Each script configures:

  • Learning rate and optimizer settings (AdamW with weight decay)
  • Batch size and gradient accumulation steps for memory efficiency
  • Number of generations per prompt for diverse training signals
  • Maximum sequence lengths for input and output
  • Training epochs and checkpointing frequency
  • LoRA parameters (rank, alpha, dropout) for adapter configuration
  • Evaluation frequency and criteria

Example Usage

# Train a dynamic model with multiple task types and custom parameters
python -m grpo.dynamic_qwen0 --learning_rate 2e-5 --lora_r 32 --lora_alpha 64 --dropout 0.05 --wandb_project "math_dynamic_training"

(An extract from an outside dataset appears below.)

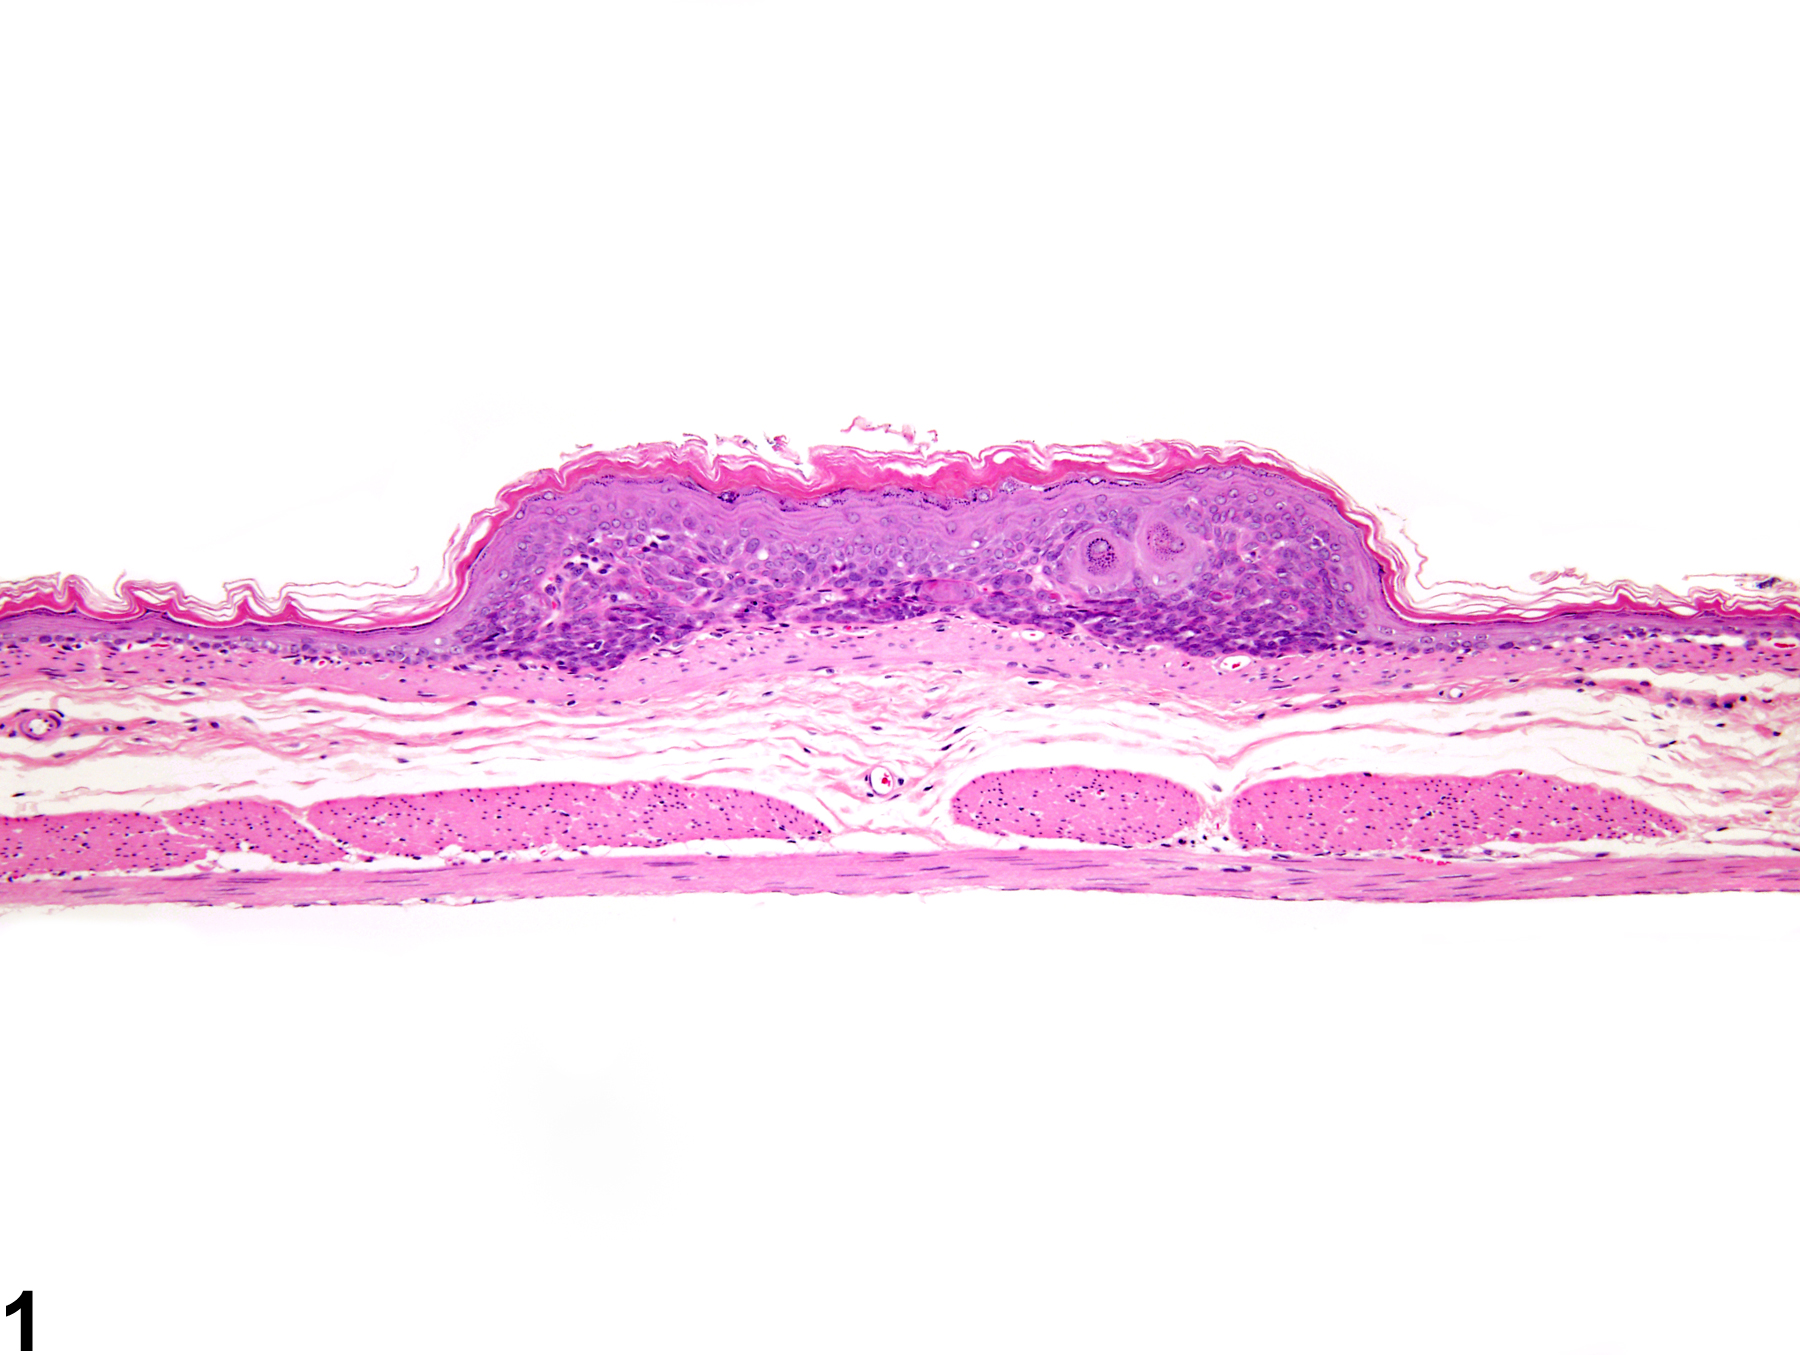 Image of hyperplasia, atypical in the forestomach epithelium from a female F344/N rat in a subchronic study

# Train a model specifically for programming tasks with larger batch size
python -m grpo.programming_qwen0 --batch_size 8 --gradient_accumulation_steps 4 --max_seq_length 2048 --save_steps 200

# Train a model for tutoring and error identification with custom dataset
python -m grpo.tutor_grpo --dataset "username/math_errors_dataset" --epochs 5 --eval_steps 100 --max_steps 10000

Model Export and Deployment

After training, models can be exported using auxilary.export_model.py with various options:

# Basic export with default settings
python -m auxilary.export_model --model-name unsloth/Qwen1.5-7B --checkpoint checkpoints/dynamic_0_20240315 --output-dir models/dynamic_0

# Export with quantization for deployment efficiency
python -m auxilary.export_model --model-name unsloth/Qwen1.5-7B --checkpoint checkpoints/tutor_20240315 --output-dir models/tutor --quantize --bits 4

# Export with specific adapter configuration
python -m auxilary.export_model --model-name unsloth/Qwen1.5-7B --checkpoint checkpoints/programming_20240315 --output-dir models/programming --adapter-name "programming_adapter"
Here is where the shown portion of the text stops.